Включаясь в аскетический дискурс, О. приобретает особую роль в православном вероучении и мировидении: оно оказывается категорией, которая одновременно принадлежит догматическому богословию и сфере аскетической практики (хотя надо уточнить, что в составе последней О. относится не к «практике» в узком смысле исихастской «праксис», но к высшей стадии «феории» или «созерцания»). Тем самым, оно является соединительным звеном между святоотеческой мыслью и исихастской аскезой, внося решающий вклад в формирование восточнохристианской духовной традиции как единства, синтеза патристики и аскетики. Данный синтез, заключающий в себе суть и специфическое своеобразие православной духовности, прошел в своей истории три главных периода: 1) создание синтеза – прежде всего, в трудах преп. Максима Исповедника; 2) «паламитский синтез» (формула В.Н.Лосского), или же Исихастское возрождение в Византии XIII-XIV вв., когда оба слагаемых синтеза, и догматическая мысль, и аскетический опыт, получили существенное развитие и углубление; 3) восстановление синтеза, после длительной его утраты, в современную эпоху истории, на базе Филокалического возрождения в сфере аскезы и «неопаламизма и неопатристики» в сфере богословия. Эти 3 периода являются и тремя этапами учения об О., следующими за вышеописанным начальным этапом.
На первом этапе, преп. Максим, суммируя богатый уже материал, дополняя и развивая его, создает обширное, довольно систематичное учение об О. Четко закрепляя уже наличные тезисы учения (связь с Воплощением и крещением, с духовным восхождением в аскезе; свершающая роль благодати и др.), он дополняет его новыми аспектами, из которых наиболее важны сакраментальный, космический и исторический. Указывается необходимая связь О. не только с крещением, но и с другими таинствами Церкви, прежде всего, Евхаристией: «Кто причащается ему [таинству Евхаристии] достойным образом, тех оно преобразует [таким образом, что] … они могут, по усыновлению и благодати, быть и называться богами, поскольку весь Бог всецело наполнил их, не оставив в них ничего, что было бы лишено Его присутствия» . Далее, совершая христианскую «переплавку» (термин Г.Флоровского) античной идеи человека как микрокосма, Максим утверждает связь и соответствие человека и всего тварного мира – такое соответствие, в силу которого человек наделен космической миссией: в его духовном делании и восхождении совершается преобразование и преображение не только его самого, но тварного естества как такового. Поэтому О. человека становится и судьбой всей твари, обретает космическое измерение. Оно дополняется историческим измерением: по Максиму, вся история может рассматриваться как история О., поскольку «Основавший бытие всякой твари, видимой и невидимой… премудро разделил века, одни предназначив на осуществление того, чтобы Ему стать человеком, а другие – на осуществление того, чтобы человека сделать Богом» . Во всем корпусе богословия Максима, О. – одна из опорных идей, входящих в его фундамент и явно или неявно всегда присутствующих в ходе мысли; и именно начиная с Максима можно говорить о том, что О. стоит в центре и богословского умозрения, и аскетического опыта православия, соединяя собой эти области.

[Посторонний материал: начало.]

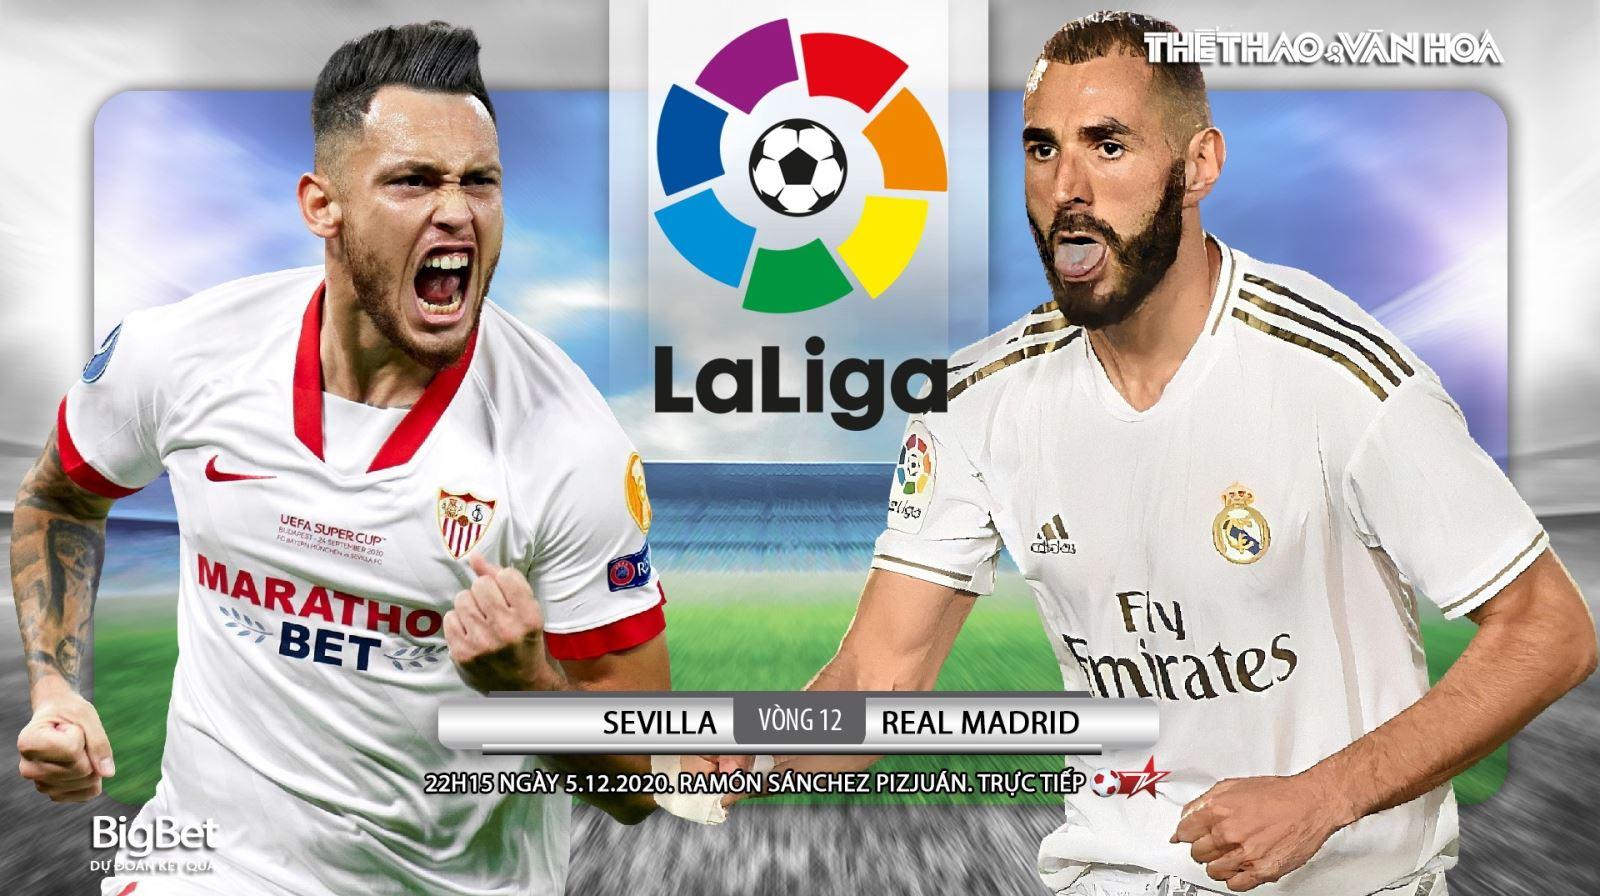 Truc tiep bong da. Sevilla vs Real Madrid. BĐTV trực tiếp Vòng 12 La Liga. Real

В эпоху Исихастского возрождения, бывшую и эпохой Исихастских споров, учение об О., тесно соприкасаясь с главным предметом споров, проблемой созерцания Фаворского Света, получает продвижение в ряде основных пунктов. В аспекте связи с опытом, детальней и глубже уясняется характер соучастия тела в восхождении к О. Сам факт соучастия, отделяющий концепцию О. от неоплатонической мистики, уже утверждали и псевдо-Макарий и преп. Максим: О. трактуется у них холистически; сохраняя целостность человеческой личности, оно относится ко всем ее измерениям, включая телесные. Однако на базе тщательно выстроенного и отрефлектированного опыта зрелого афонского исихазма, у таких авторов как Никифор Уединенник, Григорий Синаит и Григорий Палама соматика аскетического восхождения раскрывается в своем конкретном, предметном содержании. Главный же пункт продвижения состоит в том, что само понятие О. наконец получает четкую догматическую дефиницию: в свете богословия Божественных энергий св. Григория Паламы, оно должно быть определено как совершенное соединение всех энергий человека с Божественной энергией: «Бог в полноте Своей обожает тех, кто того достойны, соединяя Себя с ними, не ипостасно – это принадлежит одному Христу – и не сущностно, но малою частью нетварных энергий… однако всецело присутствуя в каждой из них» . Благодаря этому, все богословие О. выходит на новый уровень и к новой, более углубленной проблематике; однако тогда, на закате Византии, эту проблематику успели поднять лишь частью (так, была лишь бегло затронута принципиальная проблема статуса обоженной твари, выражаемого понятием «бог по благодати»).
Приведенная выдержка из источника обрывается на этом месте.